Make simulator authors aware of "sparse exit traffic" and "varying directory load" wishlist items
Proposal 182 points out that we let the read bucket go negative (by reading the rest of the TLS record, which was already actually read by openssl so we might as well use what it says), but then we don't let the corresponding write occur, so we trap the cells inside Tor until the write bucket can catch up. The suggested fix is to allow writes based on how much we read, to avoid trapping cells.
But what situations occur where we end up with fewer write tokens in our token bucket than read tokens? Two big ones come to mind:
Sparse streams at exits, such that we read a few bytes and package them into a whole cell. Fetching hundreds of tiny web bug images is a good example here, if they're all on different streams.

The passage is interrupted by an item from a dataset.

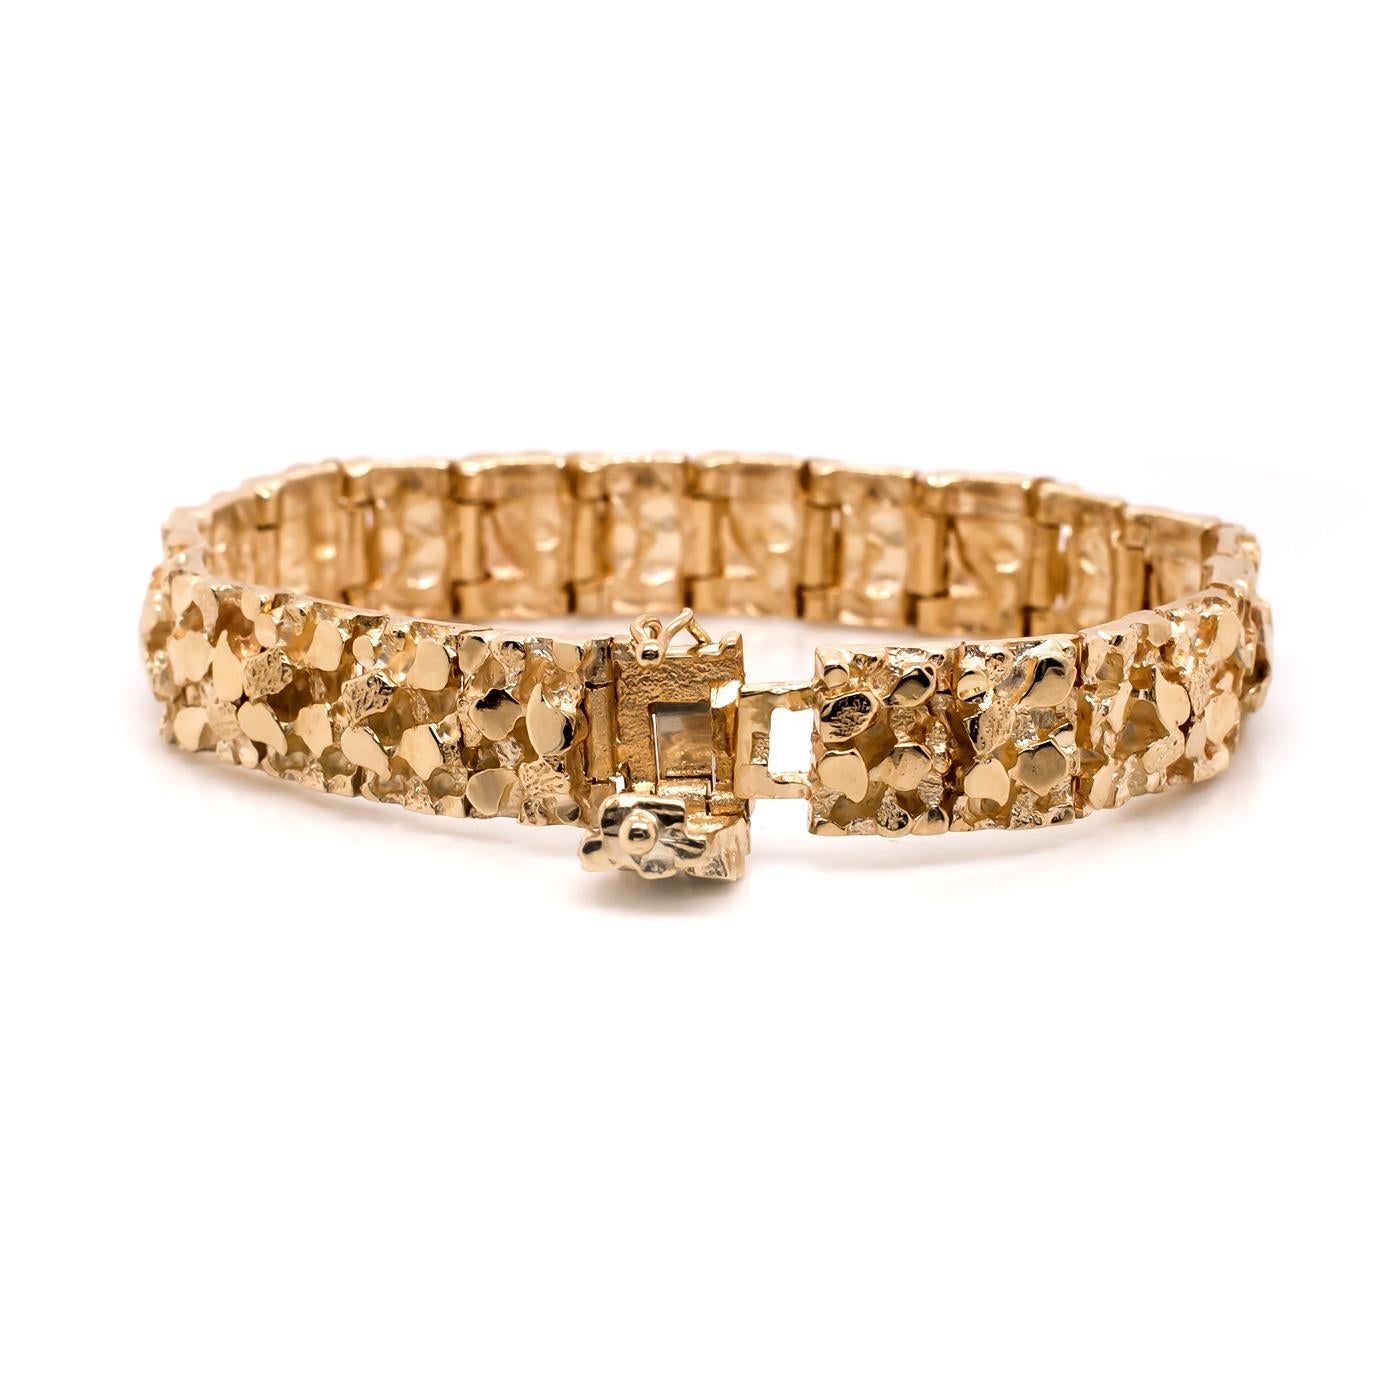 This Bold Vintage 14 Karat Yellow Gold Nugget Bracelet is the greatest statement piece. It is in twenty-three (23) gold nugget link segments allowing for flexibility and comfort all the way around. Measuring 7'' but  can be sized down in size prior

Another example would be an irc connection, though most users probably don't know what irc is. (An instant message conversation may or may not be a good example, since if the conversation is balanced, the exit would be reading cells from the Tor network and writing only a few bytes, thus offsetting the scarcity of write tokens.) The "sparse exit traffic" issue could be solved by having some fraction of the clients fetching that sort of traffic, to see what sort of an impact it would have if the behavior became popular.
Directory fetches produce wild imbalances between reads and writes. The population of users in the simulations seem to fetch a little bit of network information once at the beginning, and then never need it after that. Great, but it means our simulated environment misses out on this aspect of the real network. There are some hackish heuristics in global_write_bucket_low() in src/or/connection.c to decide whether a given relay should decline to answer a directory request, based on rate limits, size of request, current bucket levels, whether we ran out last second, etc. Whatever we do for solving proposal 182 should tune these heuristics to a) avoid answering if it would hurt our write bucket too much, yet b) make sure enough places still answer that everything still works smoothly. These contradictory goals seem like they need a realistic simulation framework, and I think neither of the current simulation frameworks handle the topic well?